Yeah and just on the other revenue piece, Brian, just to get back to the accounting side. We did adopt it, that revenue recognition standard in 2018, as I mentioned. As part of the adoption, certain advertising services were classified as revenue rather than a reduction of cost of sales. Specific to Q4, the impact of that change was an increase of approximately $1 billion to other revenue. So, you'll see that in the other revenue, in total.

Operator

Thank you. Our next question comes from the line of Colin Sebastian with Robert W. Baird. Please proceed with your question.

Colin Sebastian -- Robert W. Baird -- Analyst

Thanks. I guess two for me as well. In the quarter looking backward, not considering India and the impact going forward, but the international growth accelerated. So, I was curious, any particular regions or product categories to call out? Especially given some of the weakness in the UK. And then marketplace fees are changing in several categories, including home furnishings, health, and beauty. Curious what the strategy is there. I assumed you expand the selection. But is it also an indication of an increasing focus on those retail categories? Thanks.

Brian Olsavsky -- Chief Financial Officer

Sure, let me start with your second question. Obviously, third-party sellers are an important part of our value proposition. They've had great success on our site. More than half of our units sold are from third-party sellers. It's very important to us that we have the right business profile, both for Amazon and for the sellers. We will always be evolving that; part of that involves changing fee structures, sometimes adding new fees or subtracting old ones. Part of it involves raising or lowering fees that sellers pay. You're gonna see this continually from us.

We generally work to change the fees to make sure that the incentives are strong on both sides and we continue to have a healthy growth in third-party. On the international, on an FX neutral basis, the growth was 15% in Q3 and 19% in Q4. But the last call, if you remember, I talked about the timing of Diwali and the impact that had on our growth rates. If we adjust for that -- and again, Diwali had placed primarily in Q4 this year and it was split between Q3 and Q4 last year. If we adjust for that, international growth is pretty flat Q3-Q4.

Operator

Thank you. Our next question comes from the line of Lloyd Walmsley with Deutsche Bank. Please proceed with your question.

Lloyd Walmsley -- Deutsche Bank -- Analyst

Thanks. Two if I can. First just on the advertising side. We hear a lot of positive feedback from customers but also, we hear suggestions there are supply constraints. How do you guys see inventory growth versus pricing growth as a driver in that business and are there things you can do to grow inventory? And then, secondly, there've been some reports -- your Amazon shipping effort is kind of expanding beyond some test markets. So, wondering if you can give us a sense for what you've seen in those test markets and how you think about expanding your shipping efforts on that productized basis going forward? Thanks.

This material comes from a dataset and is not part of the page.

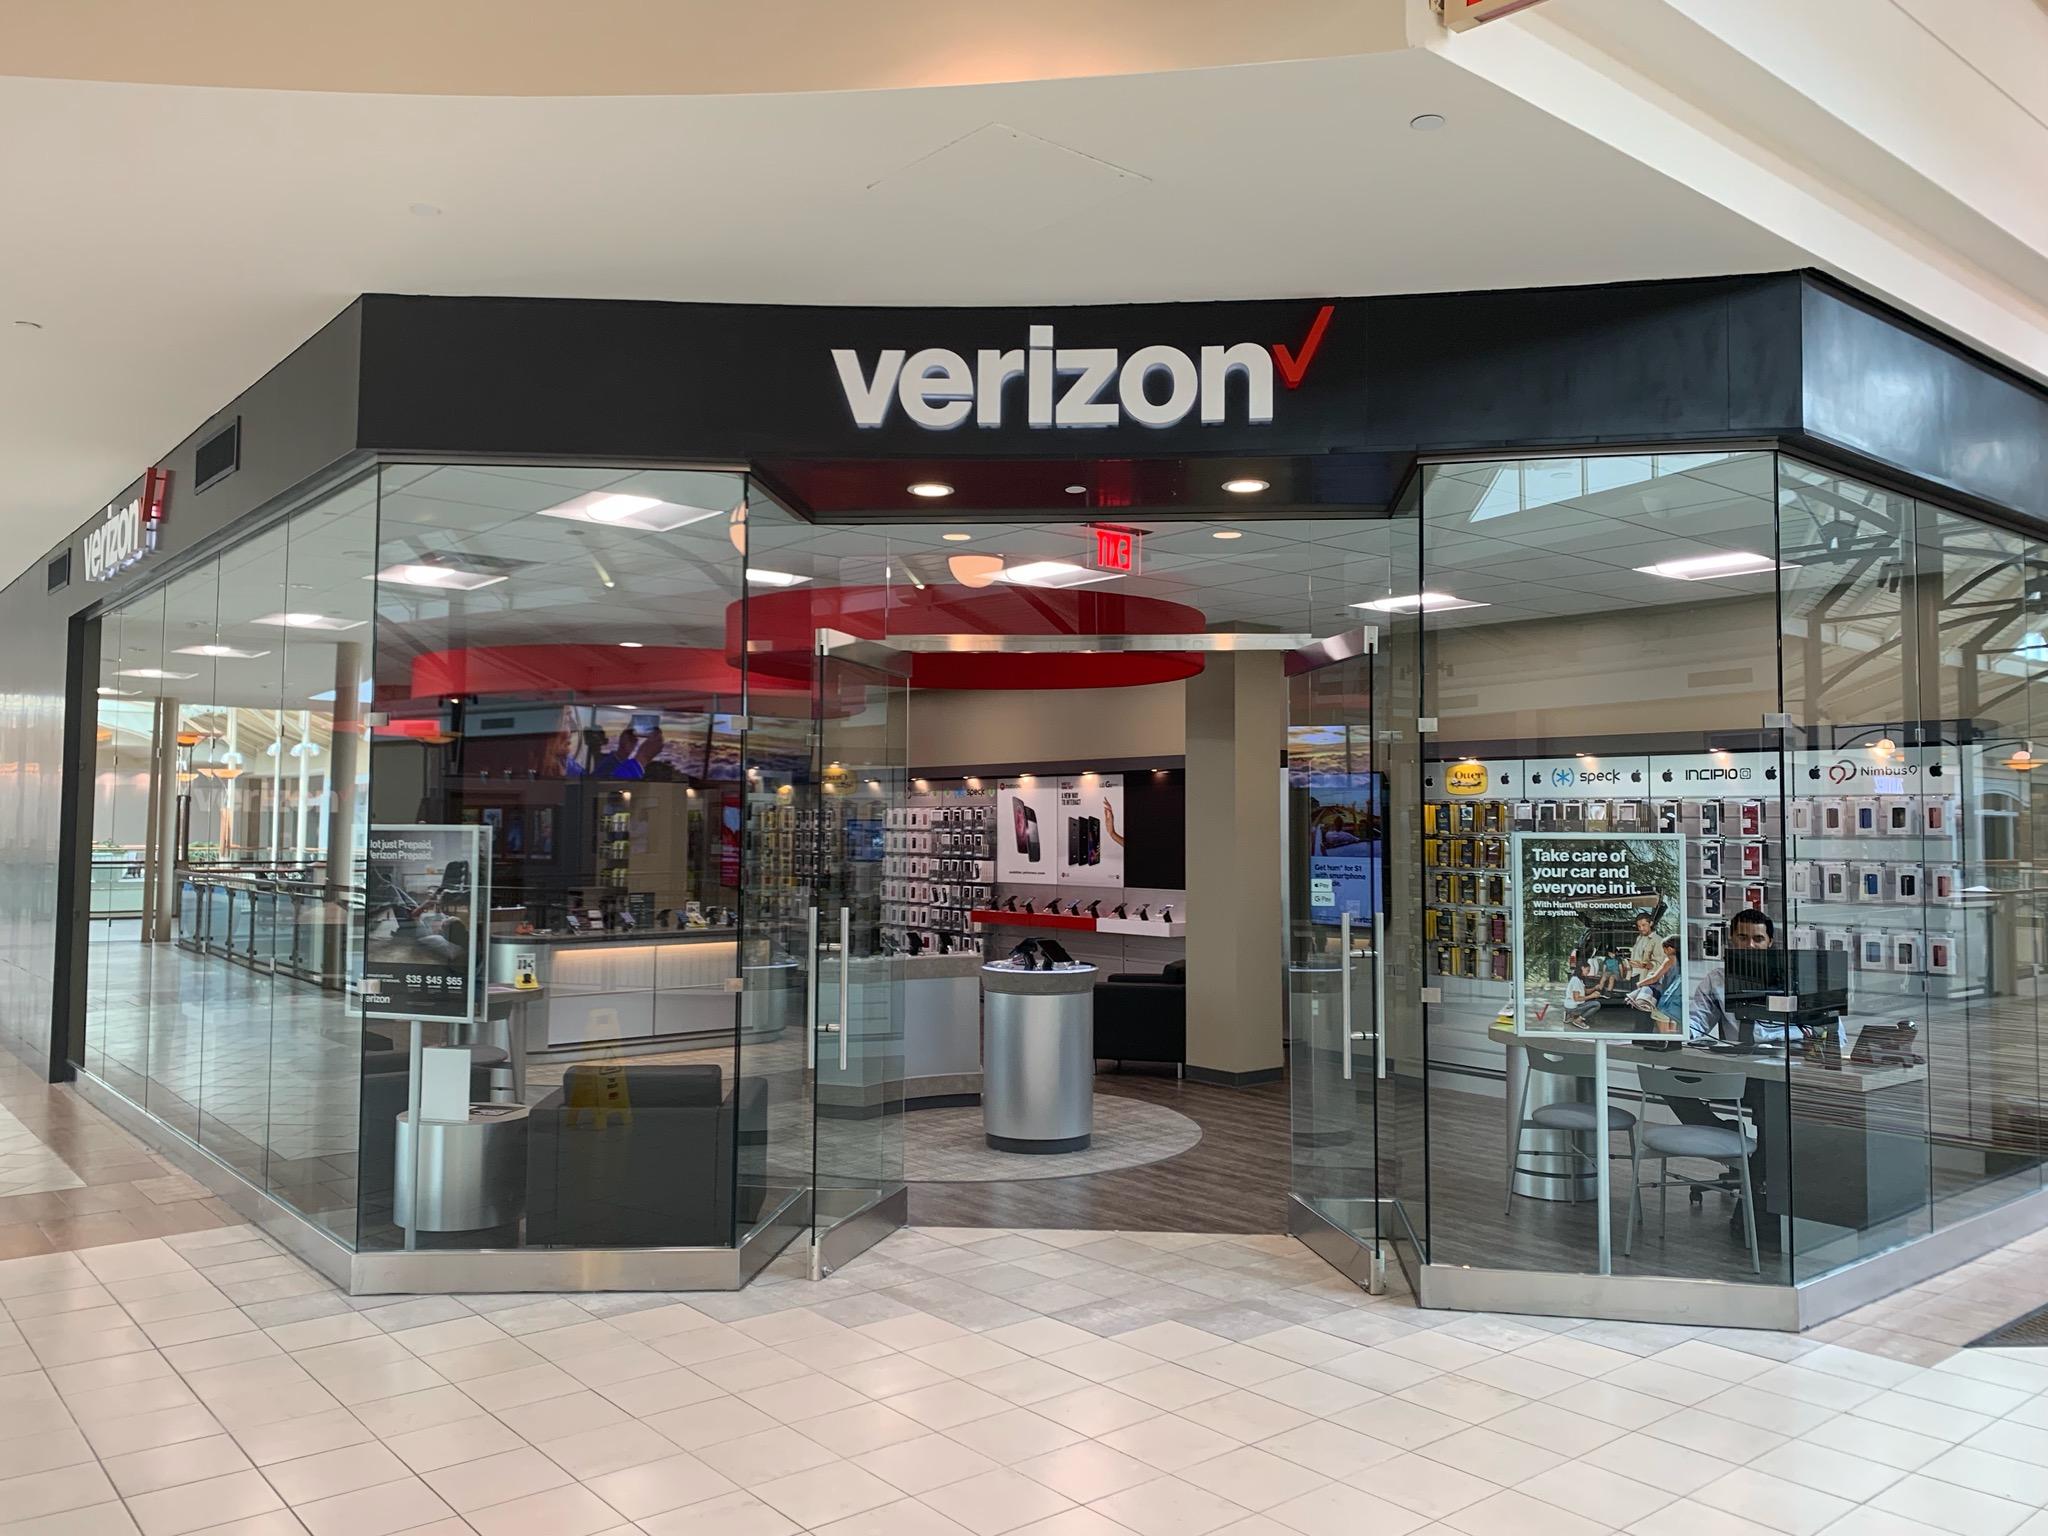 968662d2250 Verizon Wireless Near Me In Dulles, VA | Dulles Town Center

Dave Fildes -- Director of Investor Relations

Yeah, Lloyd, thanks for the questions. I'll take the advertising piece first. I think as I talked before, we're working on the improving usability of tools. Our priorities in this space, that's certainly one of them, looking for ways to make smarter recommendations, addressing the needs of brands, automating activities, inventing new products. And I think in all those regards in those priorities we think there's some good growth to continue to come both in advertising for on our properties but also potentially beyond over the longer term.

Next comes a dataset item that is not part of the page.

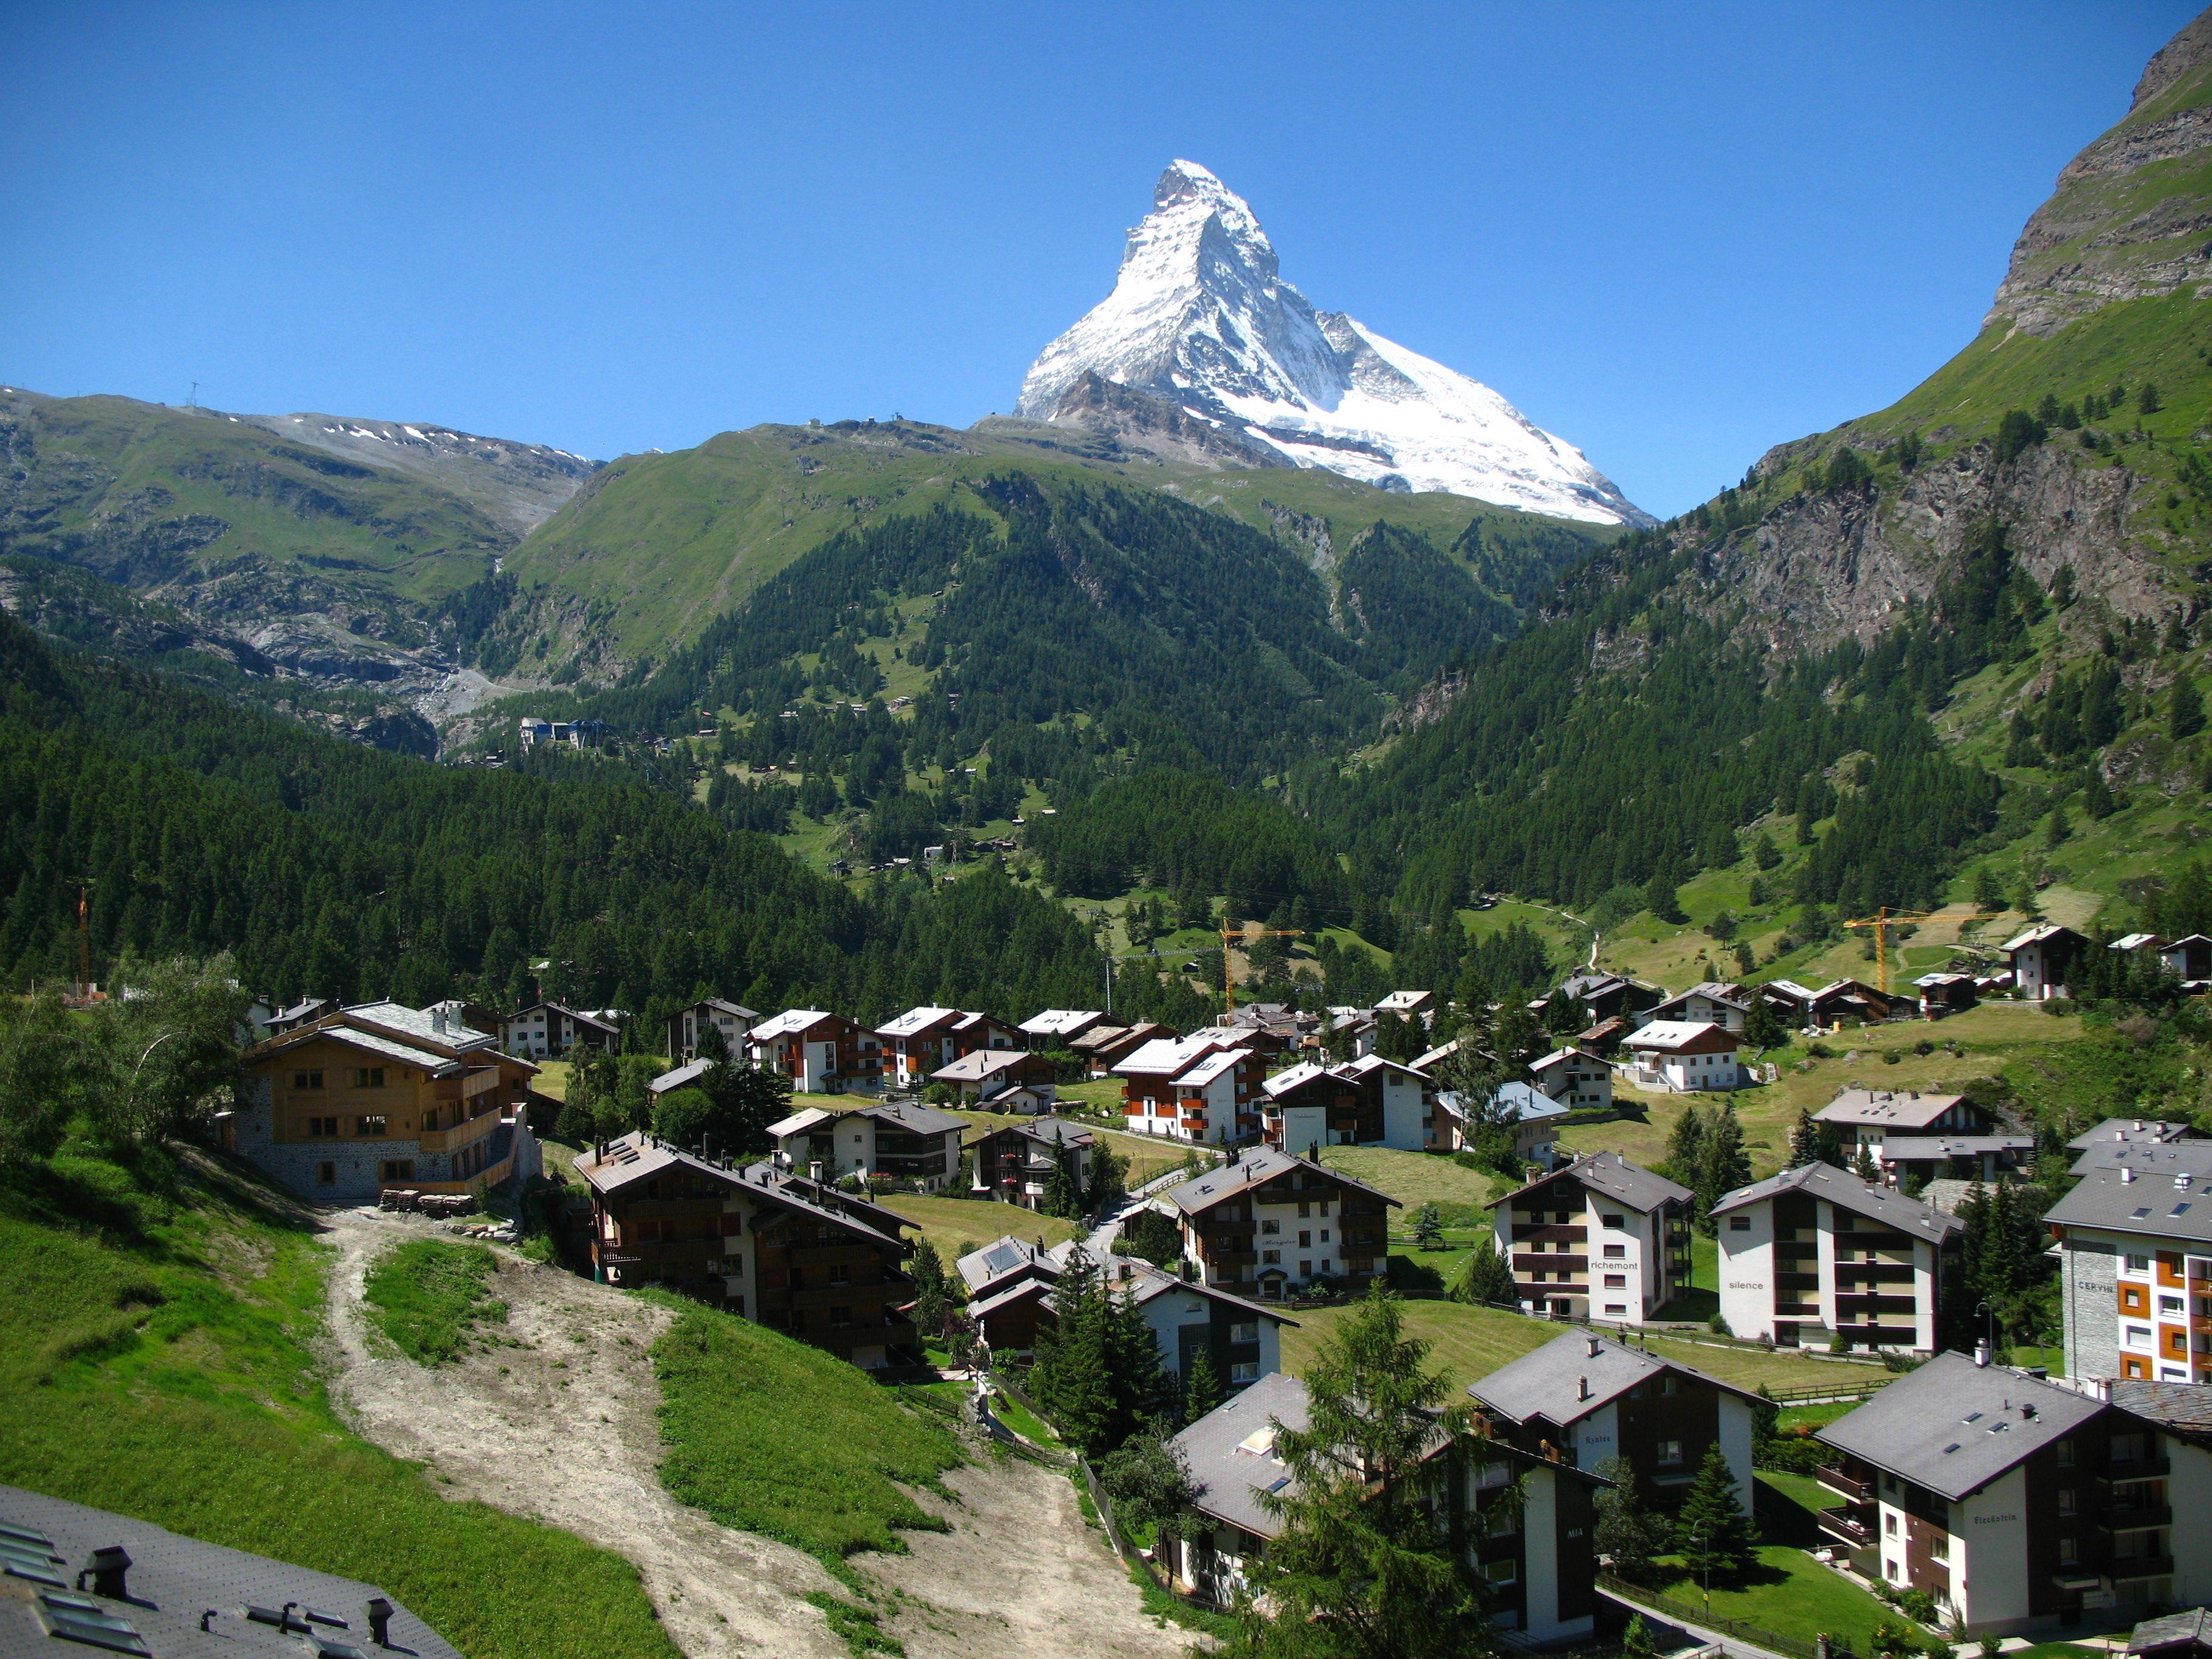 View of Matterhorn from Winkelmatten - in the German-speaking section of the canton of Valais, Switzerland

Given as we look for advertising opportunities on places like Amazon.Com, we think there's a lot of opportunity and a lot of experimentation. I think we're learning and are a very data interested company and working with a lot of great brands to be able to develop better toolkits for them, understand what types of metrics they want to make them more successful based on what they're telling us.

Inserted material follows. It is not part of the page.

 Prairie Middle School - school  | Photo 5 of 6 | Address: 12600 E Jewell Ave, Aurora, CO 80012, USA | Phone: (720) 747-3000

Brian Olsavsky -- Chief Financial Officer

Yeah and on transportation, I assume you're just talking about our expansion of Amazon, deliveries in Amazon logistics. Again, we have great partners in place for our business and support globally. What we do is add capacity where we feel we need to speed up service or ensure demand, particularly at peak.

So, we will continue to build out our DSP or inflex and ship with Amazon programs. So, during the quarter, it was a much bigger presence obviously year-over-year. We're happy with that, both from a performance standpoint to delivery estimate accuracy as we call it, very strong on our self-delivered products and also the cost profiles, very good as well.

Operator

Thank you. Our next question comes from the line of Eric Sheridan with UBS. Please proceed with your question.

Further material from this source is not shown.